Some limited behind the scenes machine learning capabilities to assist, such as detecting duplicate users (work/personal email etc)

Key components

etl operations
jobs system
crawlers and classifiers
data catalog

Athena

"SQL Interface for S3".

Can save outputs of queries back to S3

Quicksight

AWS Business Intelligence (BI) tool. Should be enough to know from high level.

Create dashboards, email reports and embedded reports
Analyse your initial training data

Kinesis - mentioned a lot

Ingest large amounts of data from different streams. IoT devices is a common use-case.

Video stream: Can store video for up to 7 days and playback
Data stream: Catch all for processing
Firehose
- Ingest real-time data stream it to s3, Redshift, es & splunk
- Can transform data before delivering
Data Analytics: Analyse data on the fly using SQL queries

Example

Video streaming and facial recognition on the fly that sends out notifications if a particular person is spotted in a crowd.

EMR w/ SPARK

Elastic Map Reduce: Hosting Massively parallel compute, works very well in cloud. Integrates well with S3.

Task nodes can be ripped out without failing the whole cluster == Spot instances

Spark: Fast analytics engine for massively parallel compute tasks.

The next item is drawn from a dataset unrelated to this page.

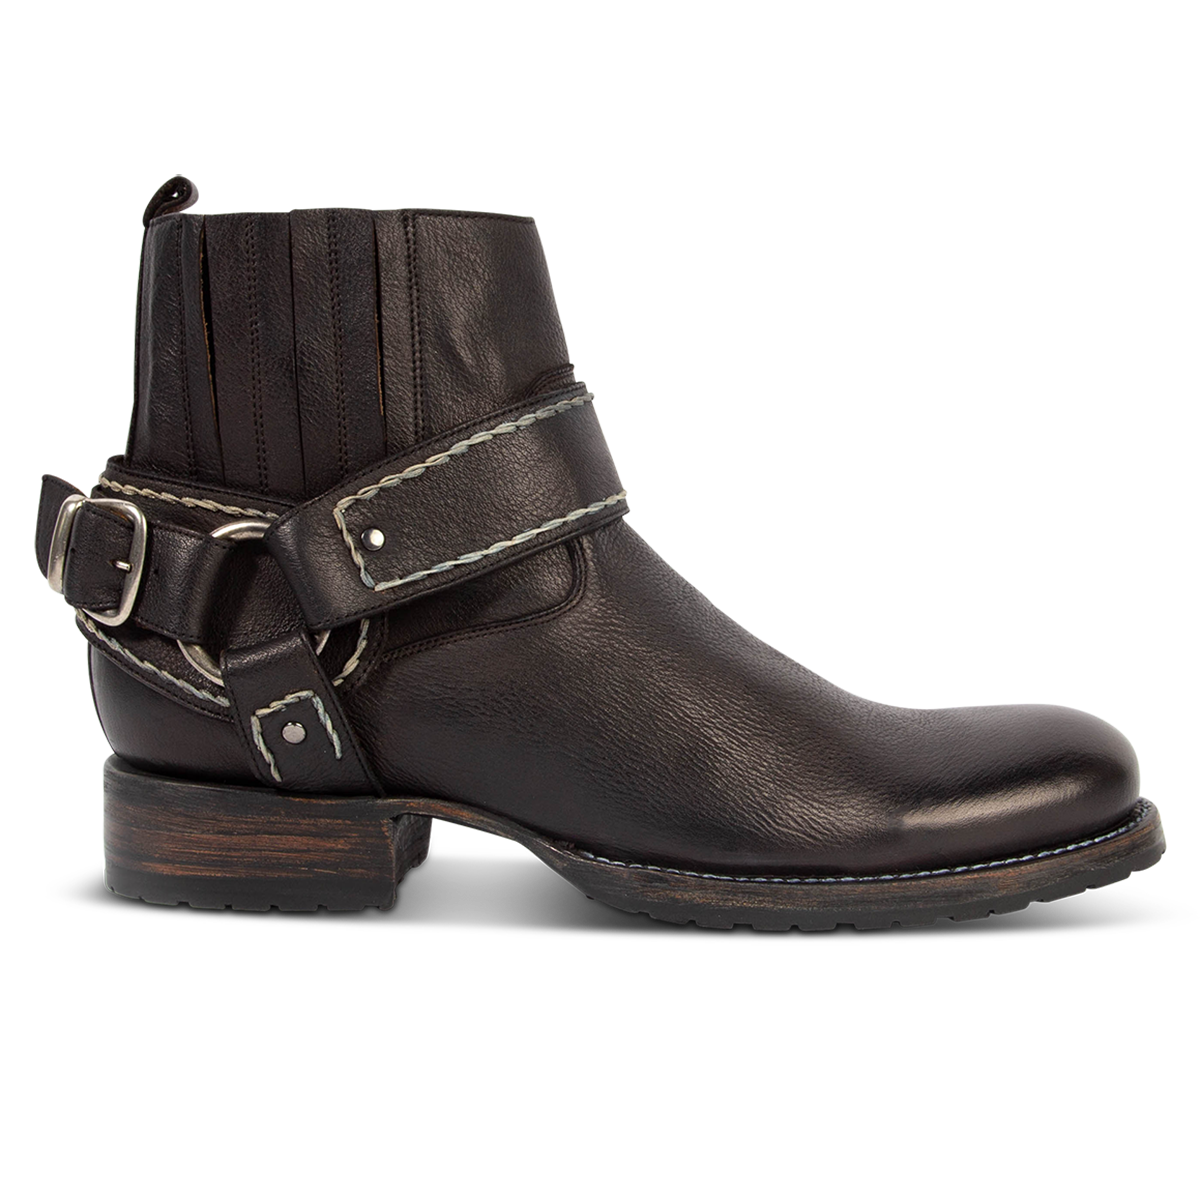 FREEBIRD men's Dallas black leather boot with an inside zip closure, leather ankle harness and gore detailing

Can run inside EMR & Sagemaker

EC2 for ML

EC2 instances for ML:

Compute optimised
Accelerated Computing (GPU)
Sagemaker specific: ml.*

Conda based deep learning AMIs: TensorFlow, keras, MXNET, gluon, pytorch, ...

Service limits on by default to protect you from accidentally spinning up a large host of very expensive instance for terabytes of data.

Can be lifted, but have to be requested (takes days)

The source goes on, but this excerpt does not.